Given material:
::::::::
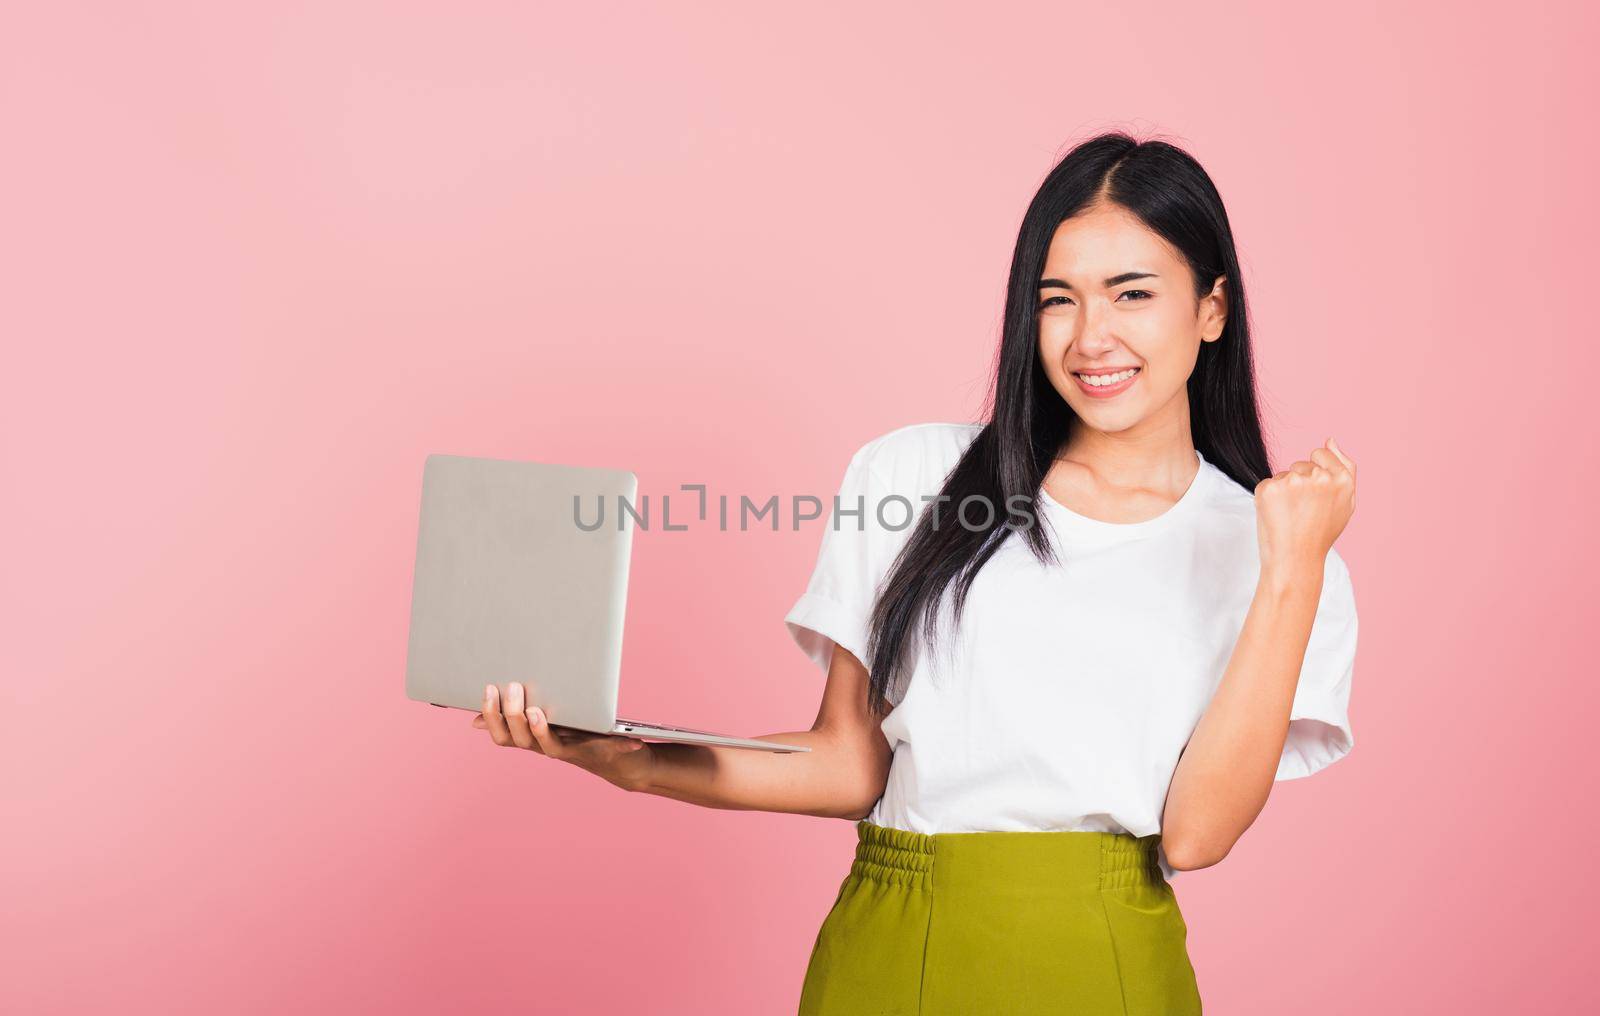 Portrait of happy Asian beautiful young woman teen confident smiling face holding using laptop computer and excited celebrating success, studio shot isolated on pink background, with copy space
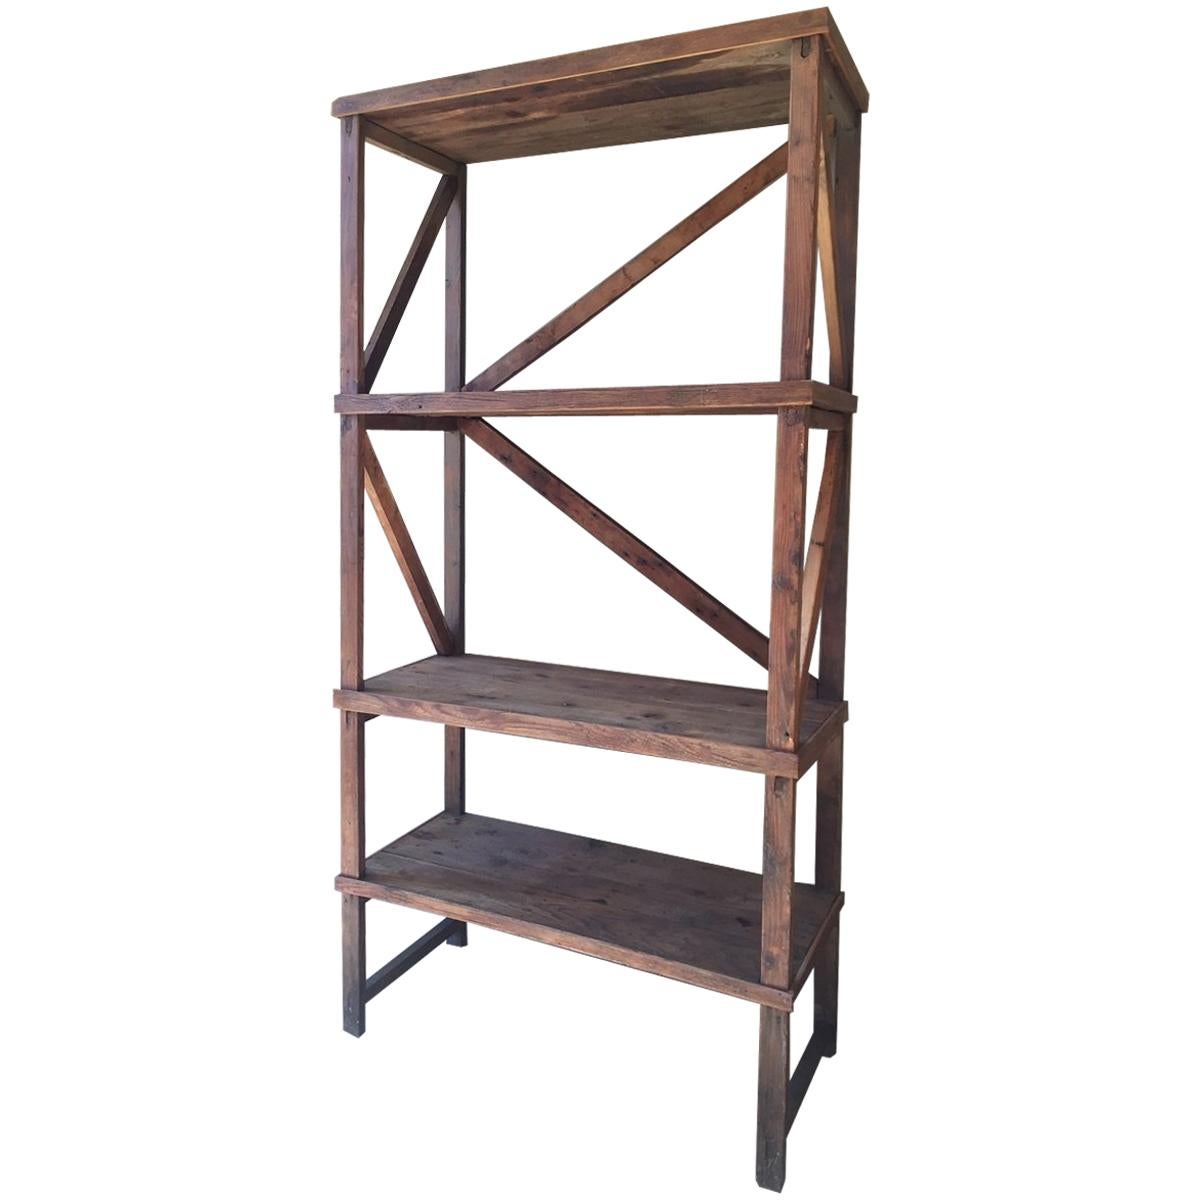 Early 20th Century Wooden Shelf Unit Industrial For Sale
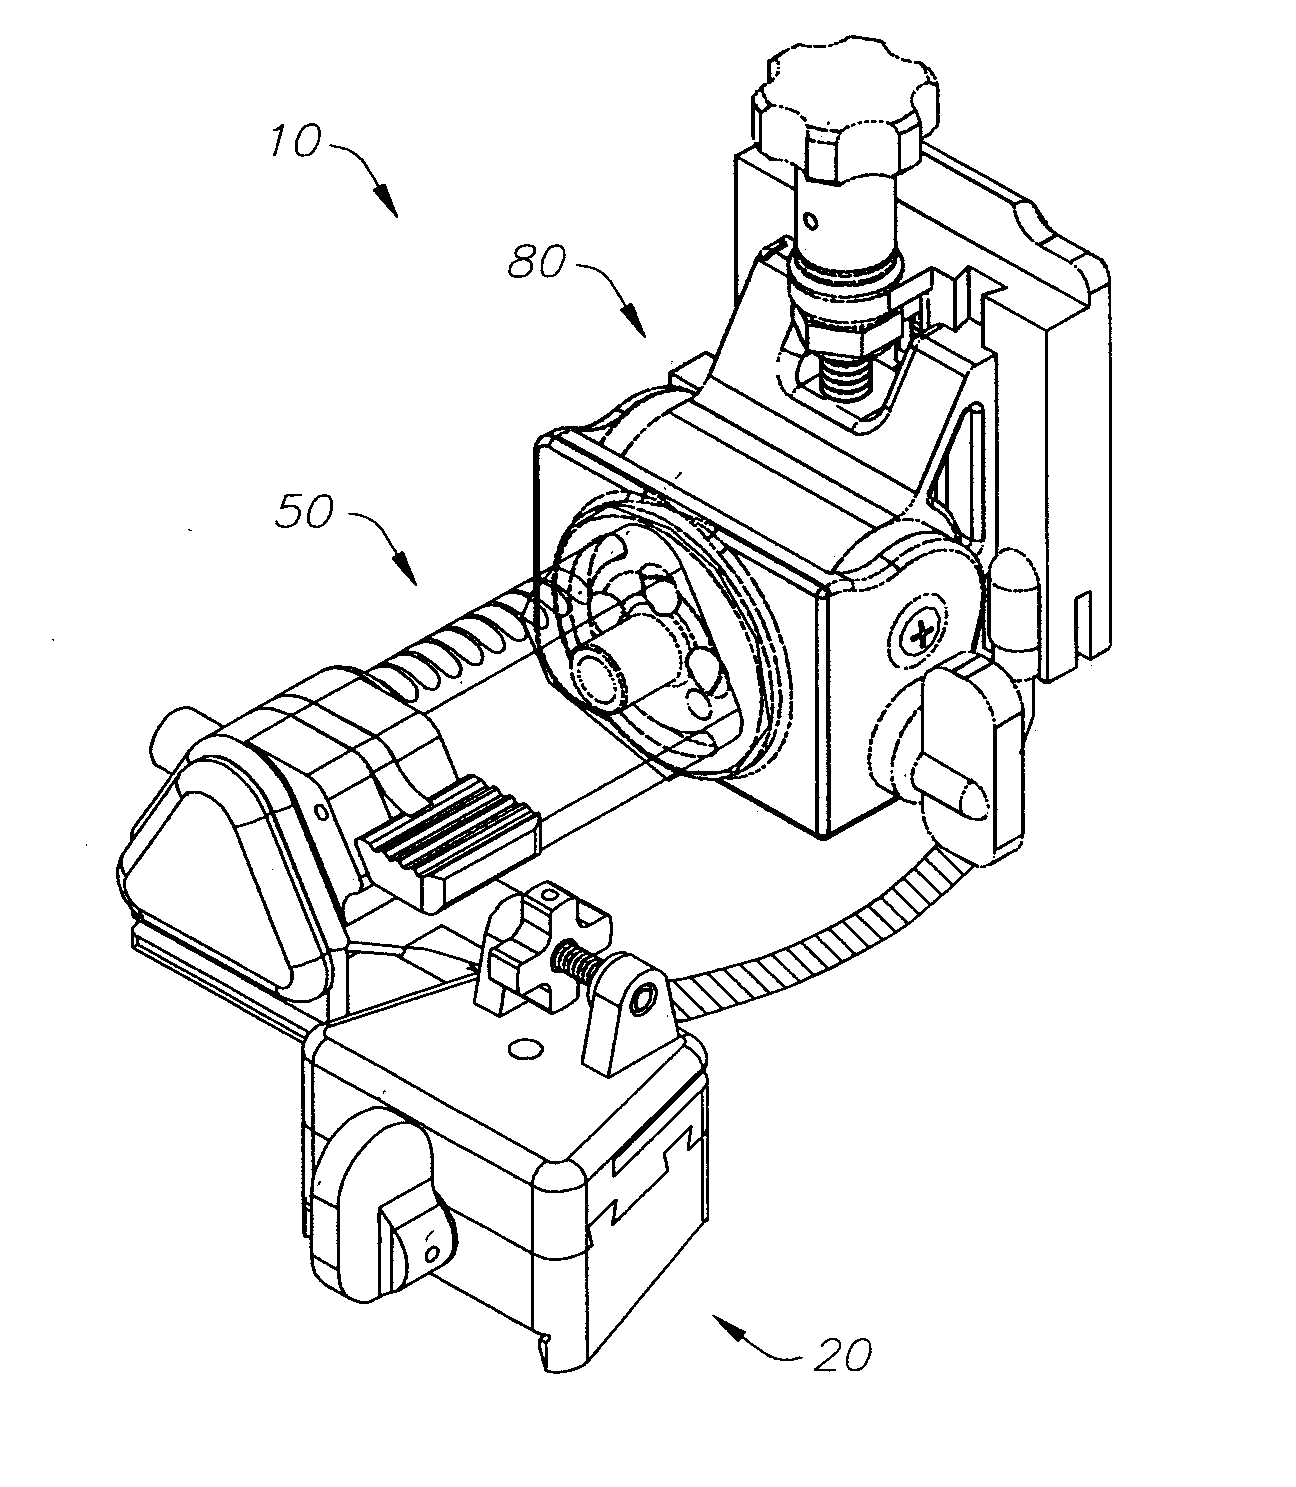 Monorail mount for enhanced night vision goggles
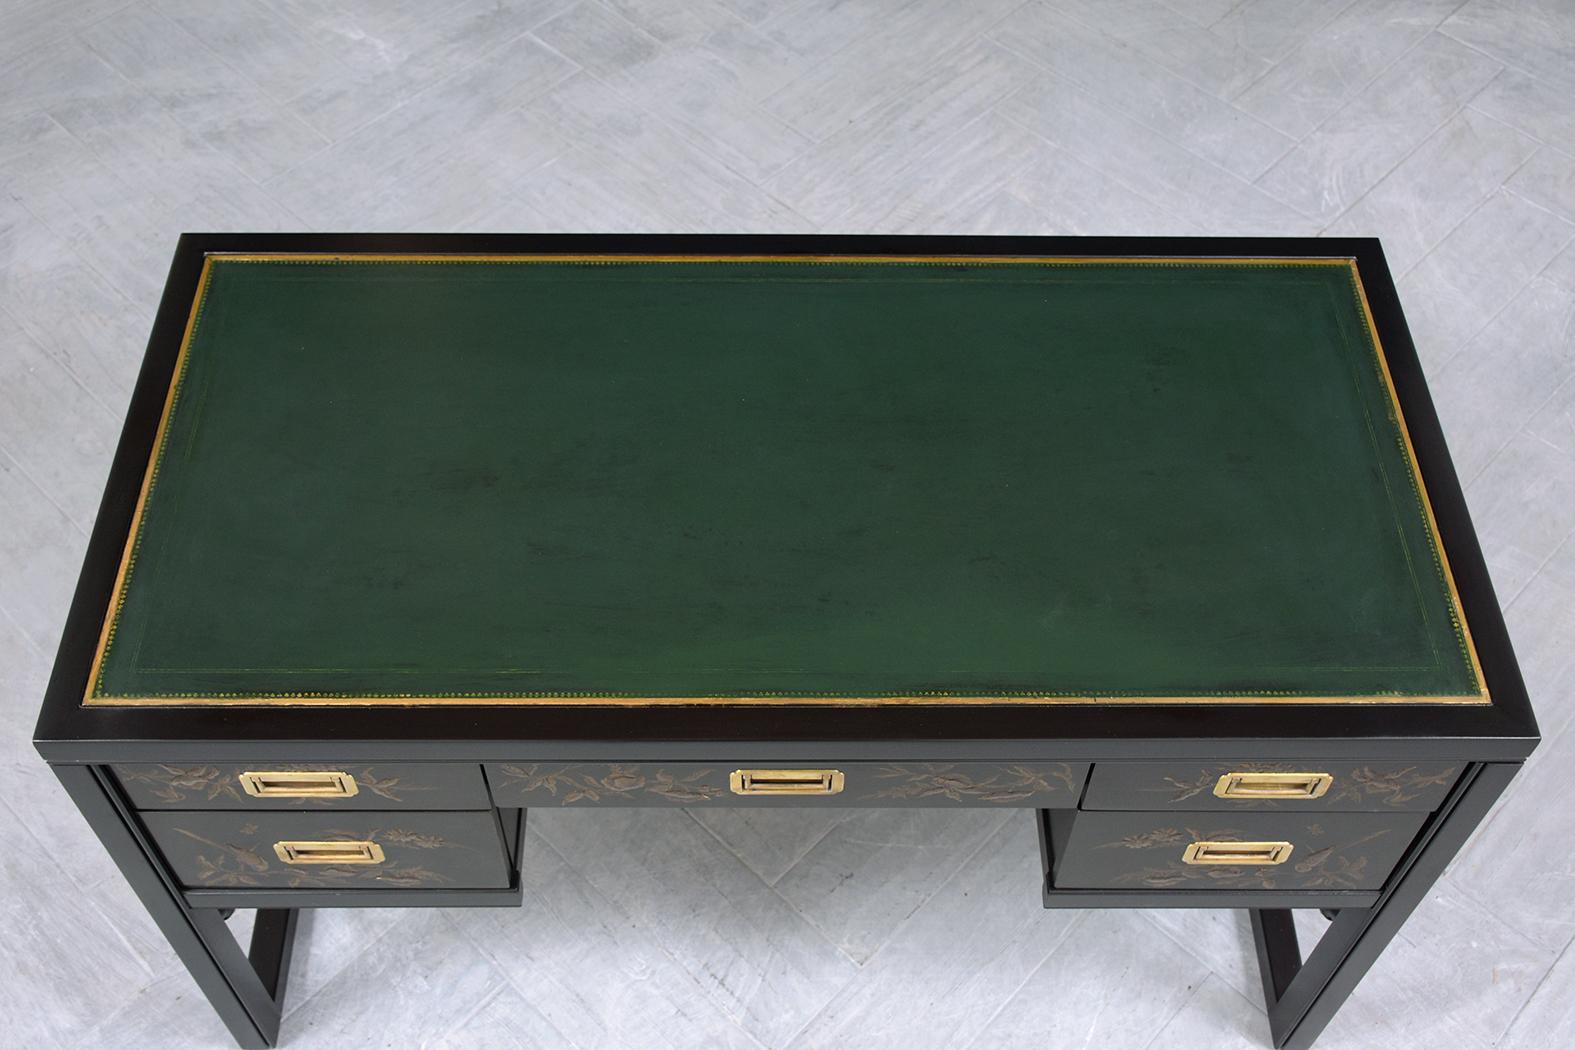 This extraordinary 1970s campaign desk is in good condition beautifully crafted out of mahogany wood and completely restored by our professional expert craftsmen team. This writing table features a dark green leather top accentuated by embossed gilt
::::::::
What you have to do: All lines from the one that contains "Early 20th Century" through the last line of the data should be retyped exactly, with the pictures left out.

Response to this exercise:
 Early 20th Century Wooden Shelf Unit Industrial For Sale
 Monorail mount for enhanced night vision goggles
 This extraordinary 1970s campaign desk is in good condition beautifully crafted out of mahogany wood and completely restored by our professional expert craftsmen team. This writing table features a dark green leather top accentuated by embossed gilt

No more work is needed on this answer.